The mean number of drug administration for each patient was reported as 8.62 in this study.

It has been shown that prescription of four medications or more can put the patient at a great risk of drug related morbidity (18). The original aim of clinical pharmacy as a professional practice (and not a health science) is providing pharmaceutical care (19). Education of pharmacy students and clinical pharmacy residents, while providing valuable care component to patients and other health-care providers, can successfully be performed as shown by the results of our program implemented in a teaching hospital. We understand that this program is a novel approach to the education of pharmacy students and clinical pharmacy residents in our country. Though, no data is available on the quality of student learning by this method of education. Also, we have no data on nursing and physicians perceptions of the program. As this program grows, we hope to find answers to these questions.

The knowledge gained at this stage and desired outcomes can be applied in the education of pharmacy and medical students. This implemented program of education has mostly met the desired goals, as it is obvious in the case of the number of the interventions.
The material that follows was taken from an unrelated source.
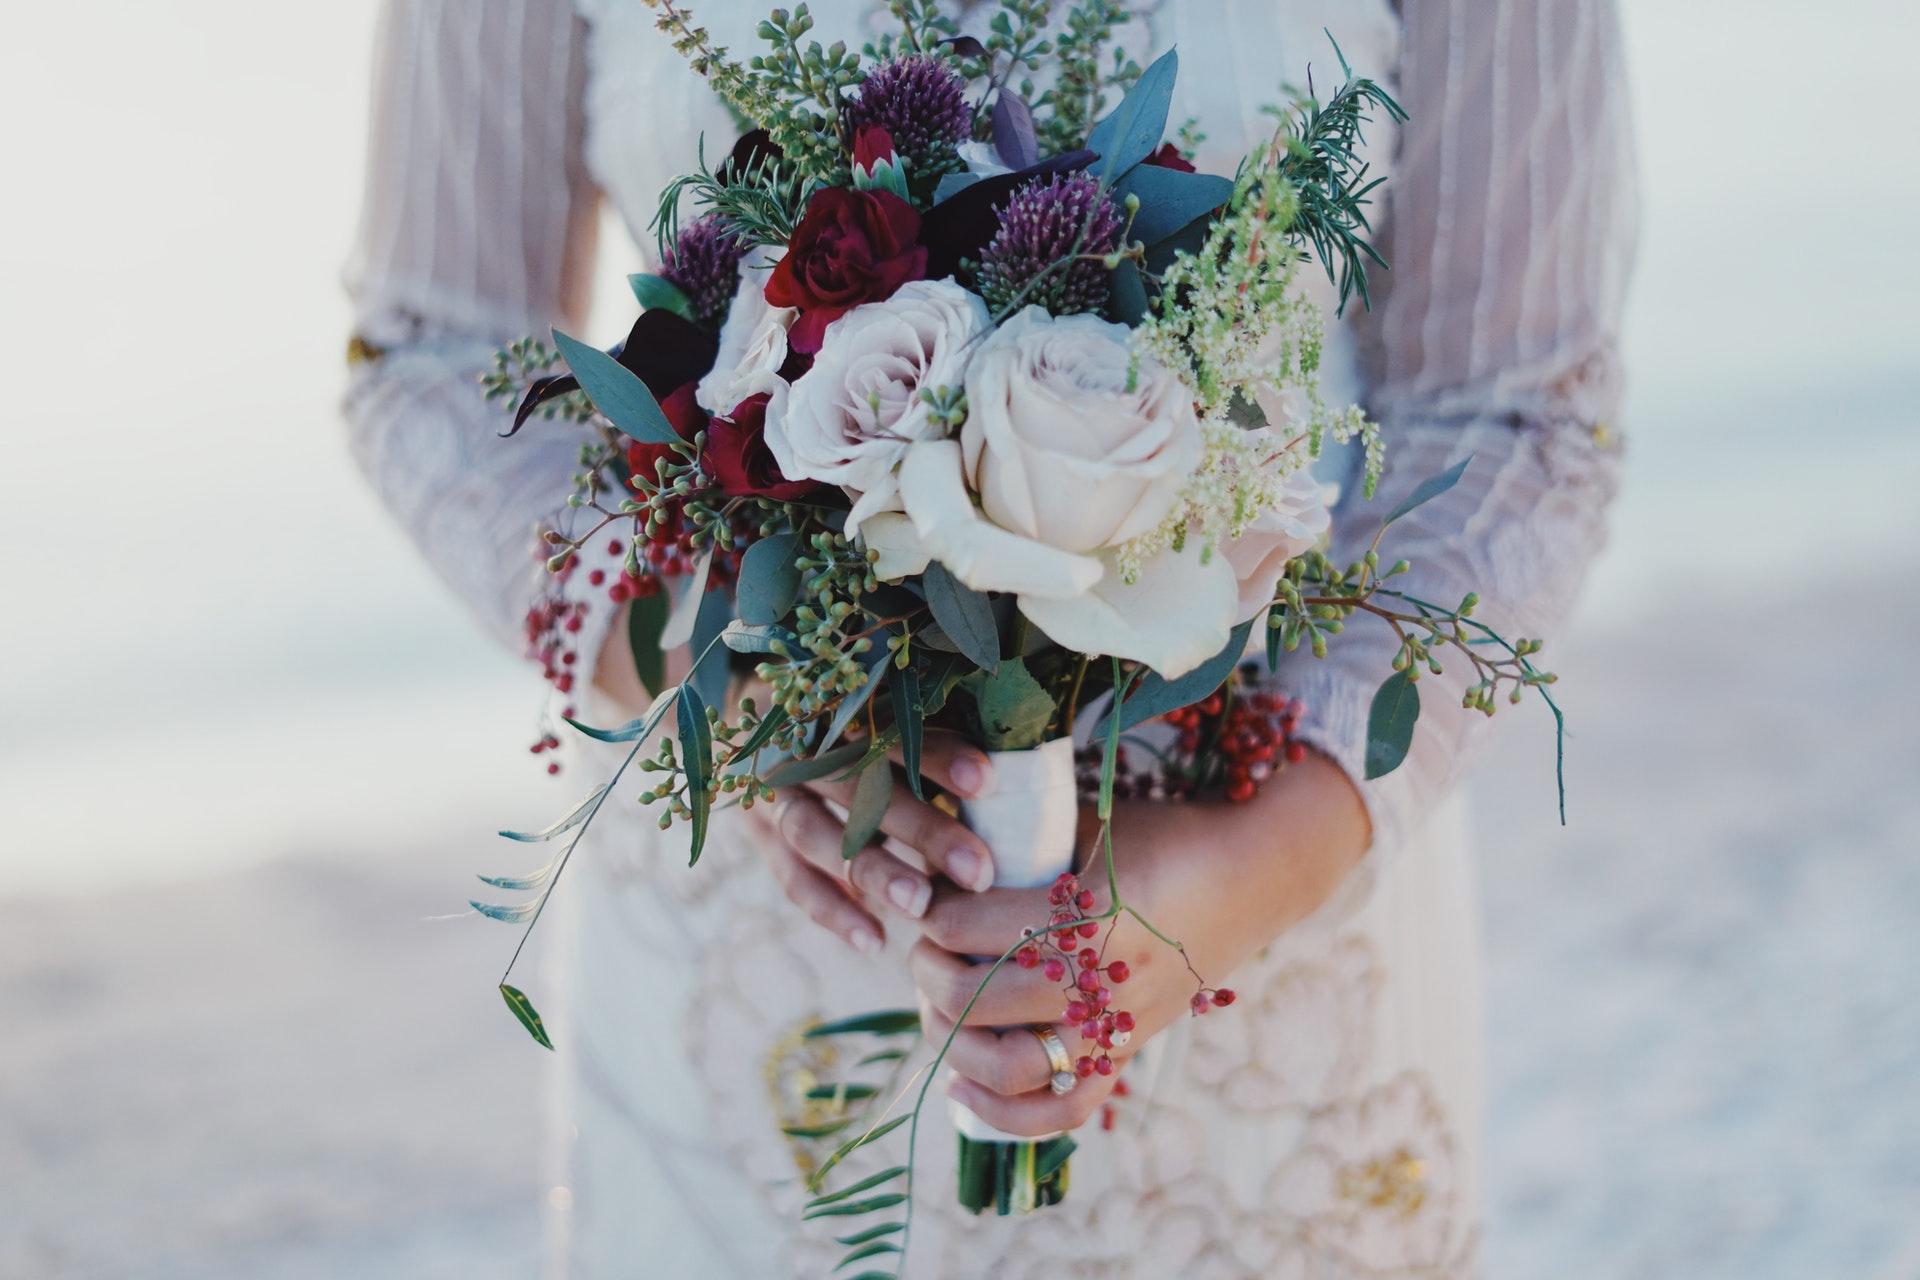 Comment trouver un wedding planner à Dijon ?

High acceptance rate was reported by other authors too (14).

Shahid Beheshti School of Pharmacy persists that the challenge for the pharmacy as a profession is to switch from theoretical education to practical bedside management of patients` medication. Achieving this goal is equal to the development of clinical pharmacy programs in the teaching hospitals. It is believed that this plays a major role in the future of pharmacy.

Here, we did not report the results of improvement in the quality of pharmaceutical care or the lectures which were delivered in this regard in the hospital. Also, the anticoagulation clinic which is run by pharmacists as part of pharmaceutical care department was not discussed in this study.
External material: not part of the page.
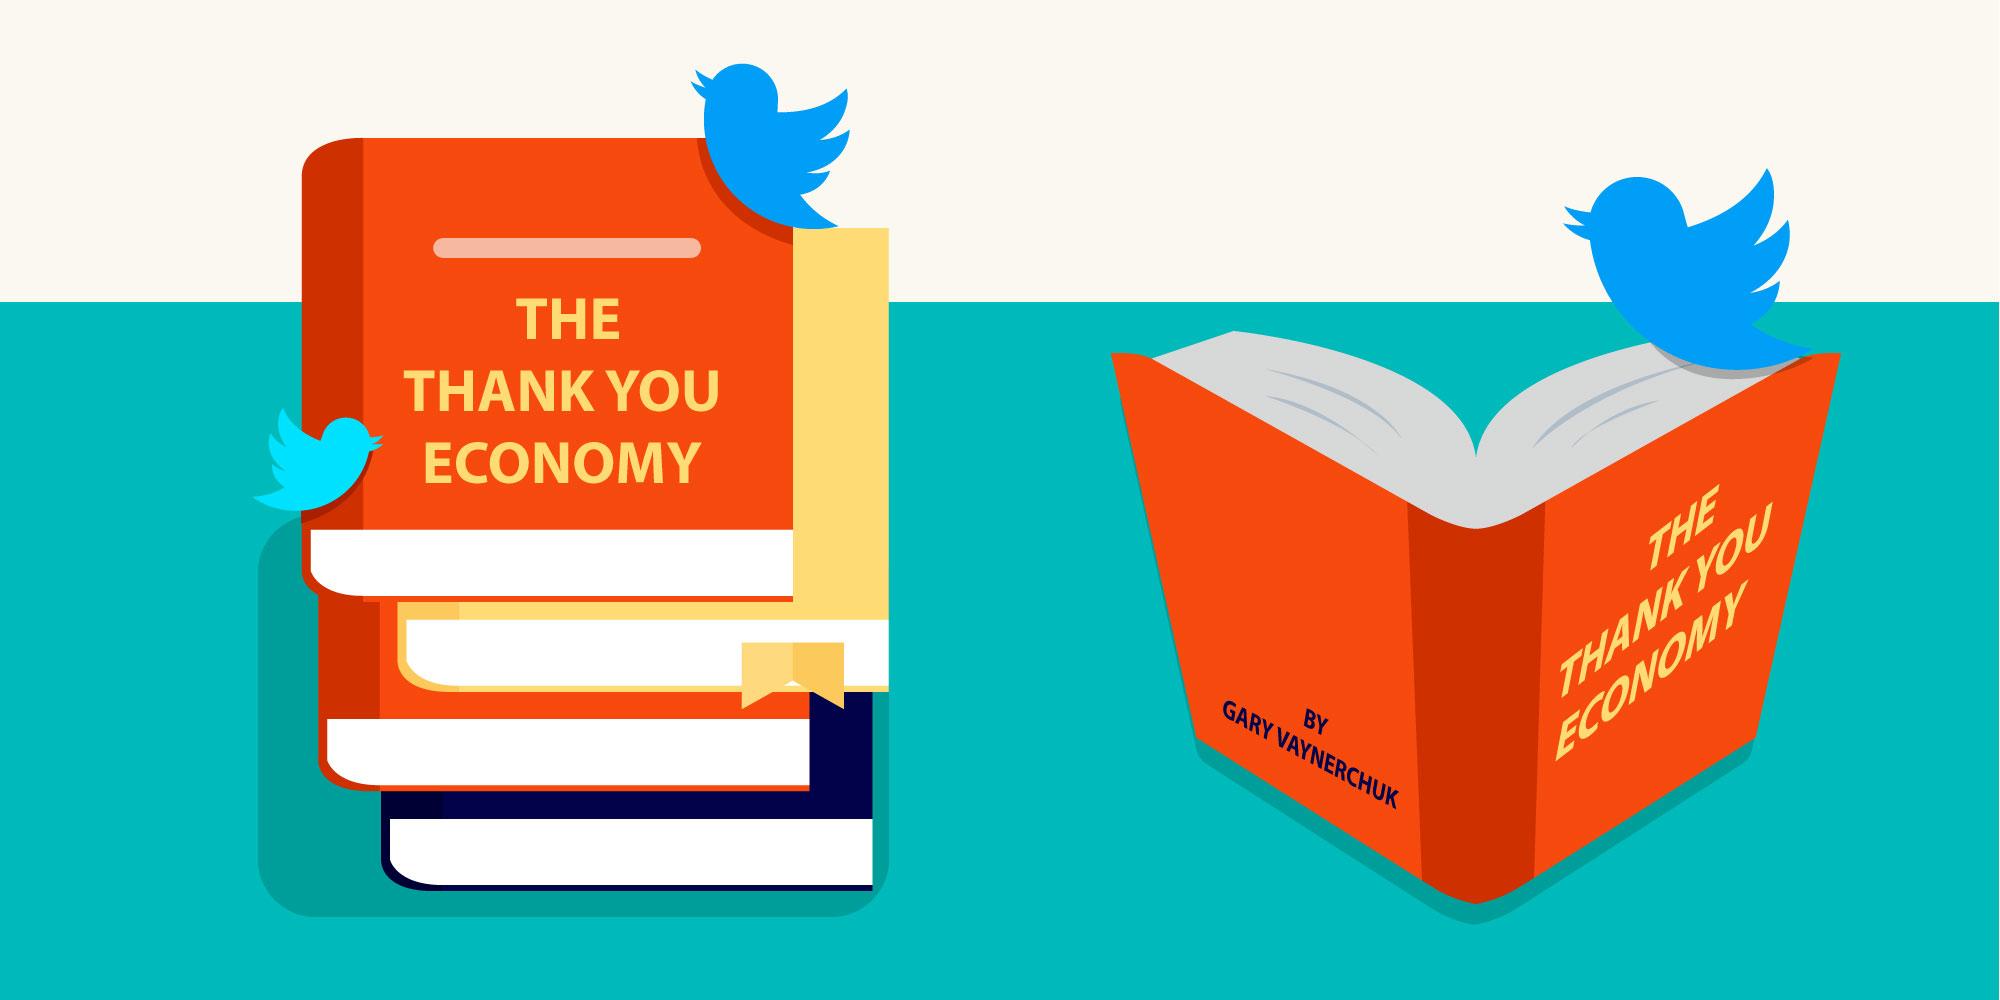 کتاب اقتصاد تشکری از گری وینرچاک

There are limitations in our study, which should be acknowledged in interpretation of the obtained results. Lack of cooperation between patients and doctors in our report may lead to some biases. Culturally, Iranian patients do not easily report detailed information on drugs taken and that may result in non-comprehensive results. We could only rely on charts and patient records as source of drug therapy, though drug history taking was also tried. Many surgeons are not willing to consult the necessary pre-op drug adjustment or post-op drug intake with pharmacists. Since this program is quite new in Iran, it has not yet been completely presented to either patients or medical doctors.